There are a few places here where you can get a chimney sweep because there are a lot of people with a fireplace in the area (near El Escorial and at 800+ m above sea level). We get our chimney swept every other year 'cos it's too expensive every year at 80 - 100 € for 15 mins work approx.


----------



## baldilocks (Mar 7, 2010)

4tunate said:


> No I have not had the chimney swept, I have been looking for someone to do this for the past 2 years but with no luck. I have been burning Fuegonet every so often which is designed to get rid of any build up of resins etc. Obviously it did not work.
> 
> Yesterday morning I trawled the Internet again and found a company some 45 km away in Jaen who replied to my email within 10 minutes of my sending it. They said that they would be willing to look at the problem. I had already given them the make and model of my log burner so they know in advance that it isn't going to be an easy or straightforward job. They told me that they would charge 25 Euros to come out to my house and 33 Euros per hour for the work plus the cost of any parts etc.
> 
> They are going to contact me again tonight after they have sifted through the answers I gave to the questions they asked. Fingers crossed.

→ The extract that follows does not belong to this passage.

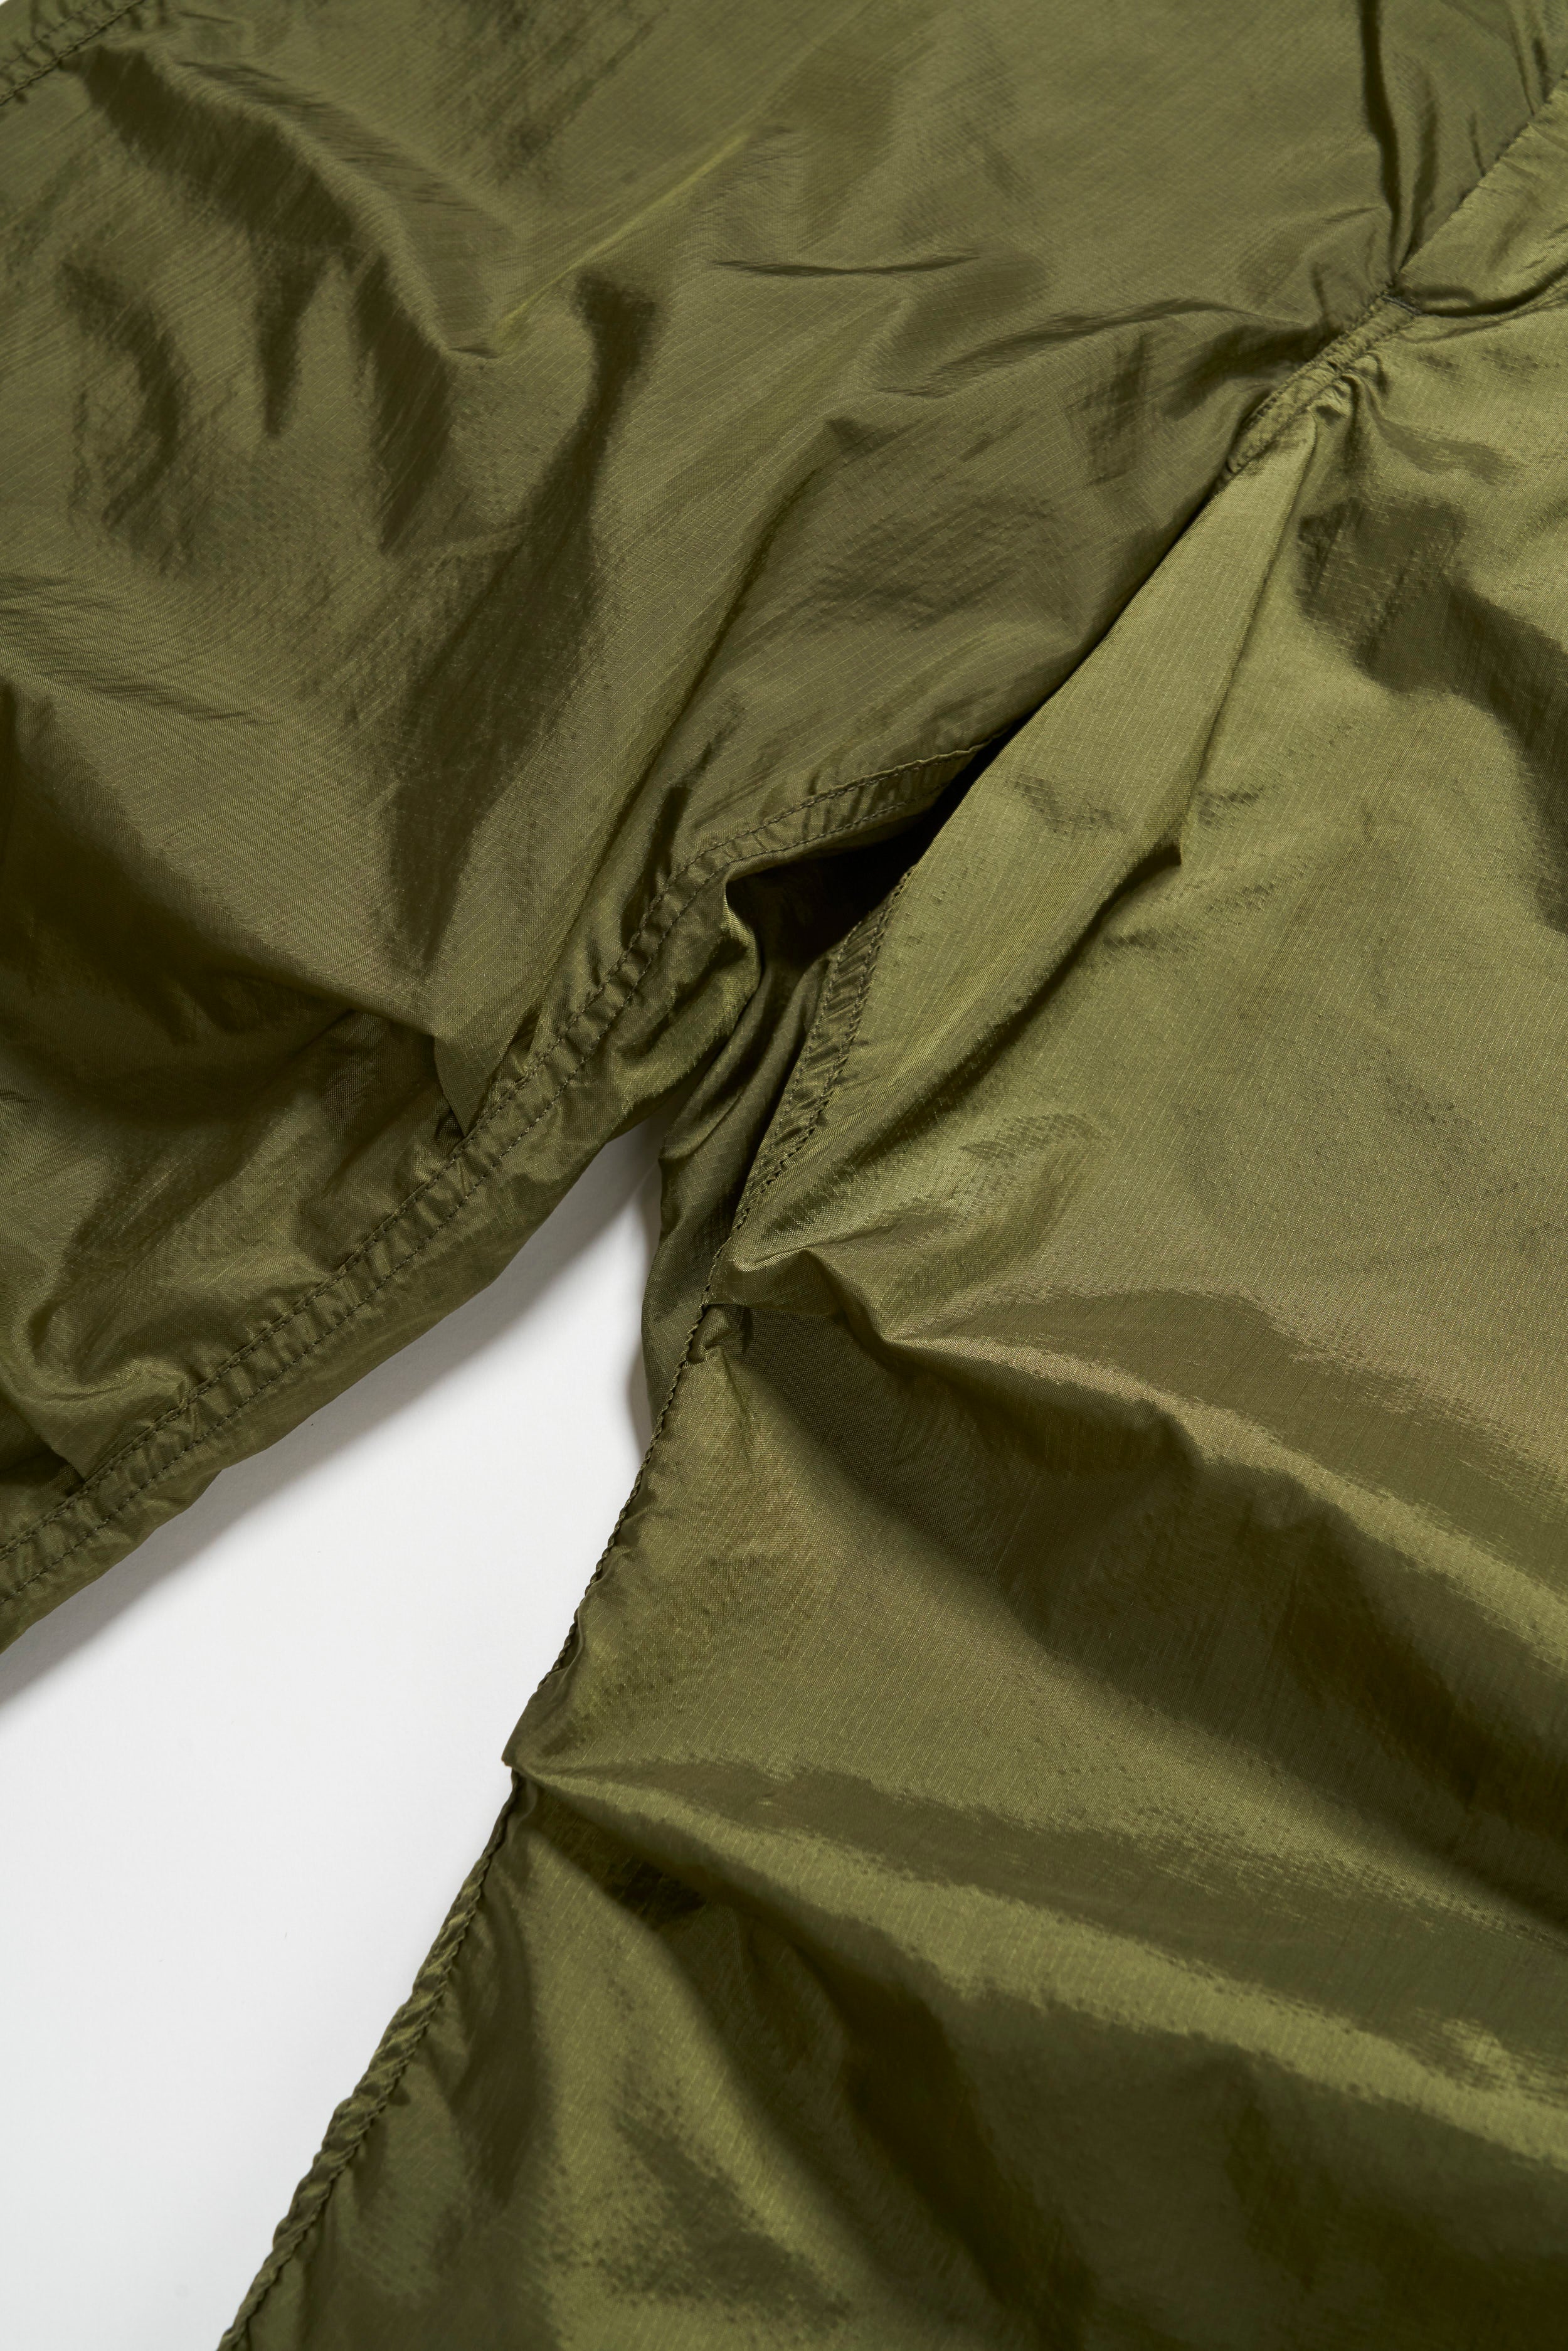 Over Pant - Olive Nylon Ripstop

If they are any good, perhaps you'd be kind enough to PM me with their details - we aren't *so* far from you.


----------



## Solwriter (Jan 10, 2012)

truck1 said:


> last year we had 10 power cuts in 1 day it cooked my computer i sent endesa the bill 214 euros from the computer shop for the repair i think they said tough. i should buy a safety device


We have regular power outages here. Usually at changeover times when the changeover doesn't go as planned. But also because there always seems to be someone doing work which affects the cables. And then there's high winds....
When our old laptop got cooked we installed a UPS for each computer (we have three). I think they cost around 80 euros each, but I could be wrong and they could be cheaper now.
Either way, it was money well spent as they keep power going to each pc (and one monitor) for up to twenty minutes and thats usually plenty of time to shut down without mishap.
Our newish electric box also has a power surge protector (in line with latest guidelines evidently) and so do our two main computers.
We learn as we go along.


----------



## Guest (Feb 9, 2012)

baldilocks said:


> If they are any good, perhaps you'd be kind enough to PM me with their details - we aren't *so* far from you.


With pleasure.


----------